CTC/AOGM Metrics

These metrics are an implementation of the Cell Segmentation & Tracking Challenge TRA and DET metrics, as described on the Challenge website, as well as the more general Acyclic Oriented Graph Measure (AOGM) metric, as described in this paper.

Warning

These metrics are written assuming that the ground truth annotations are dense. If that is not the case, interpret the numbers carefully. Consider eliminating metrics that use the number of false positives.

These metrics can be computed as follows:

from traccuracy.loaders import load_ctc_data
from traccuracy.matchers import CTCMatcher
from traccuracy.metrics import CTCMetrics


gt_data = load_ctc_data(
    "path/to/GT/TRA",
    "path/to/GT/TRA/man_track.txt",
    name="GT"
)
pred_data = load_ctc_data(
    "path/to/prediction",
    "path/to/prediction/track.txt",
    name="prediction"
)

ctc_results, ctc_matched = run_metrics(
    gt_data=gt_data,
    pred_data=pred_data,
    matcher=CTCMatcher(),
    metrics=[CTCMetrics()]
)

DET

This metric assesses the solution’s detection performance only, and therefore only measures and annotates node errors.

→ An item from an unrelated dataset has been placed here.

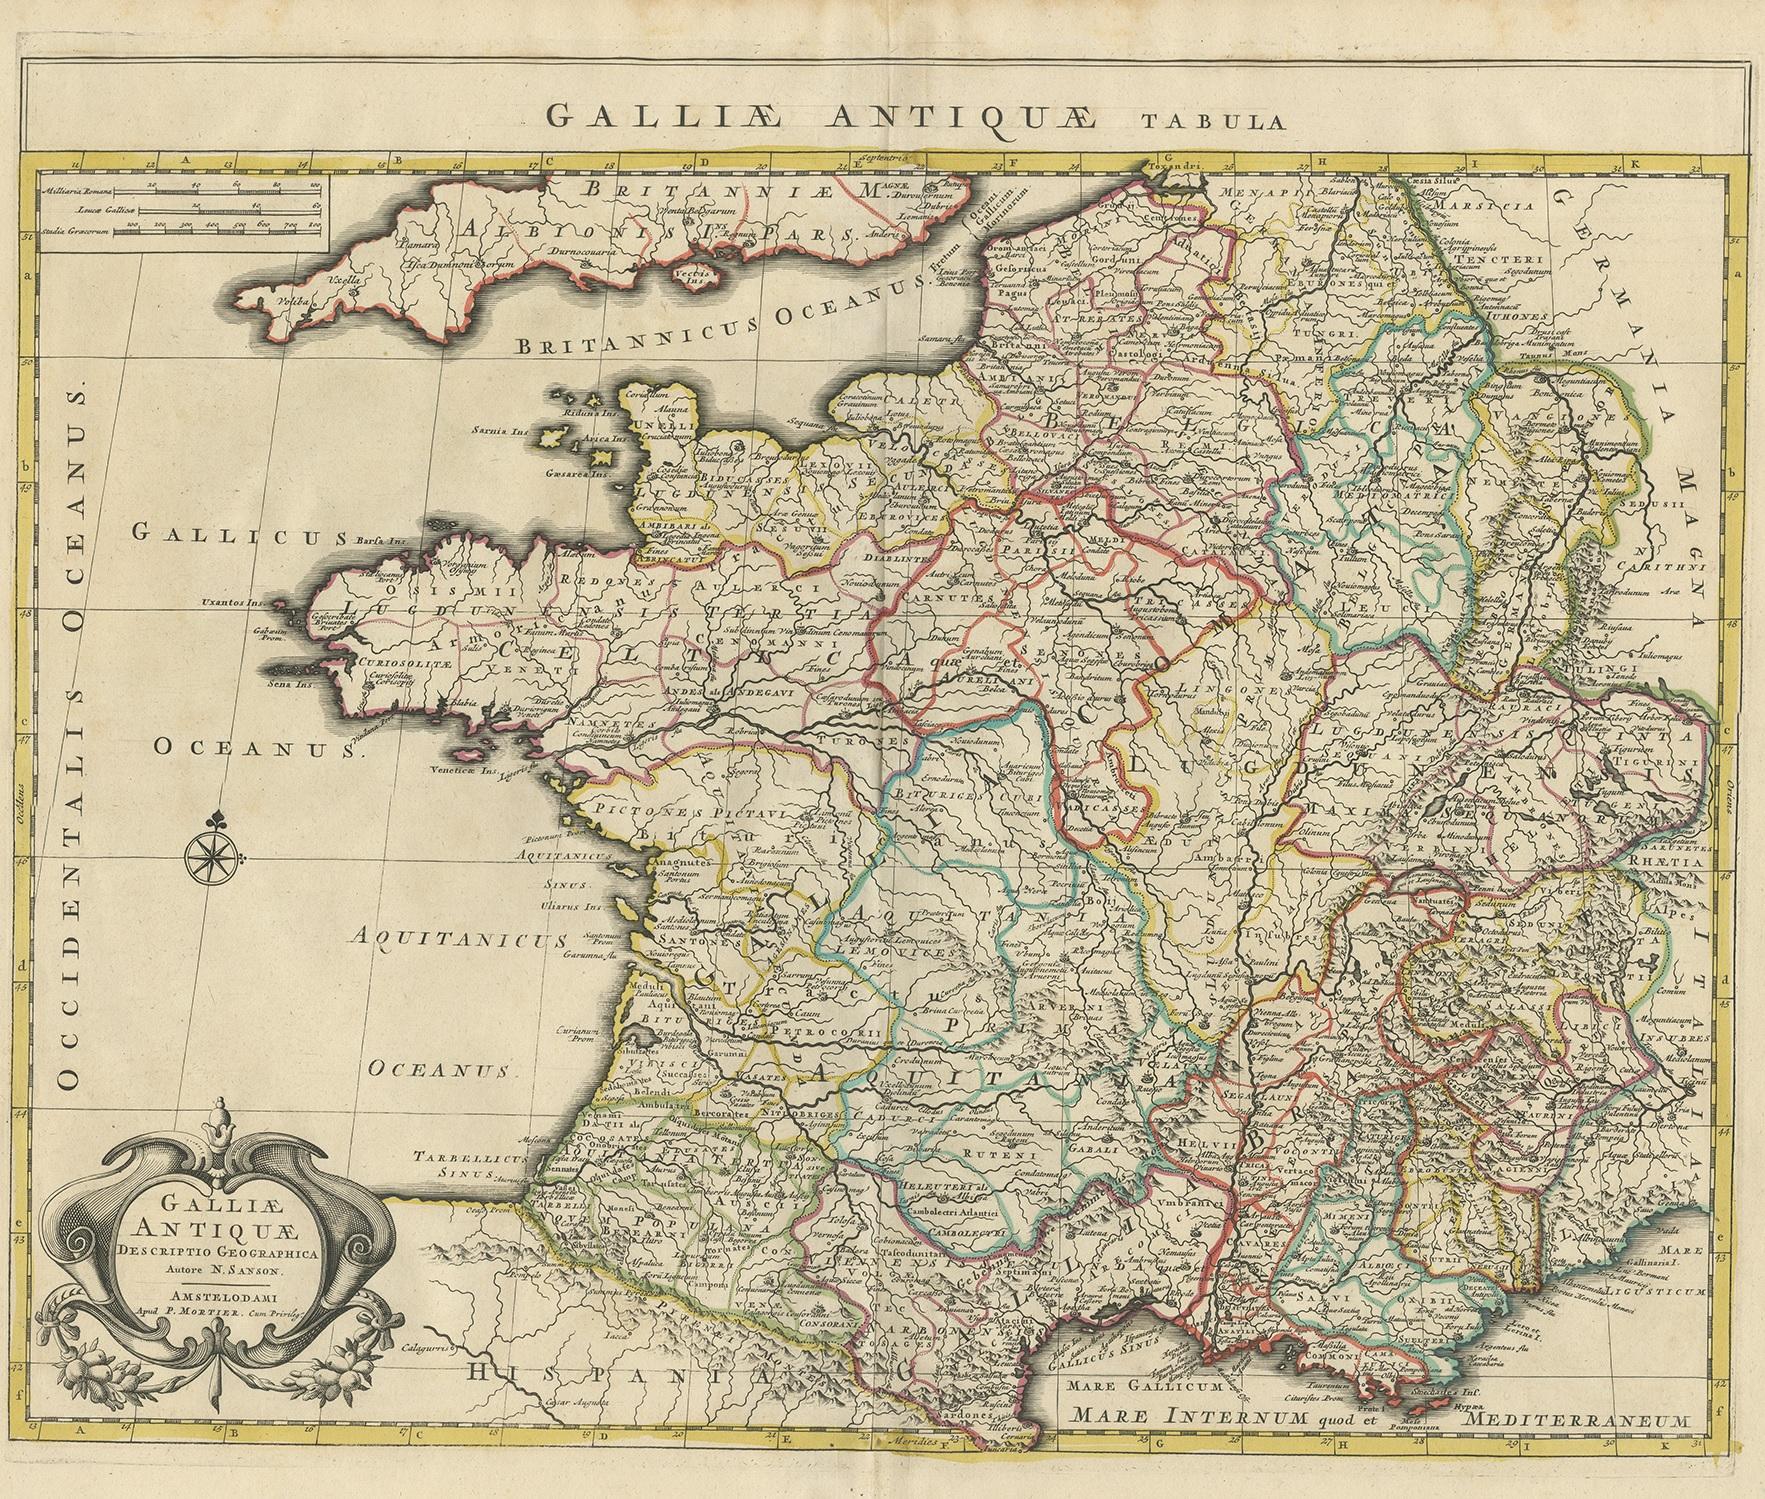 Antique map titled 'Galliae Antiquae Tabula'. Original antique map of France in ancient times. Published by P. Mortier, circa 1730.

Each type of node error is weighted based on how difficult it would be for a human to correct the error by hand. The original Cell Tracking Challenge weights are used for all error types:

Non-Split nodes are weighted 5
False Negative nodes are weighted 10
False Positive nodes are weighted 1

To compute the DET score for a dataset, the weighted sum of all node errors in the solution (\(AOGM-D\)) is normalized to a 0-1 value using a maximum potential error. The maximum potential error (\(AOGM-D_{0}\)) is defined as the cost of creating the ground truth nodes from scratch i.e. assume all nodes in the ground truth are False Negative, and compute the weighed sum of errors on this graph.

The final DET score is therefore:

\[ DET = 1 - min(AOGM-D, AOGM-D_{0}) / AOGM-D_{0} \]

Using the metrics calculated above:

det = ctc_results.results["DET"]

LNK

This metric assesses the solution’s linking performance only, and therefore only measures and annotates edge errors.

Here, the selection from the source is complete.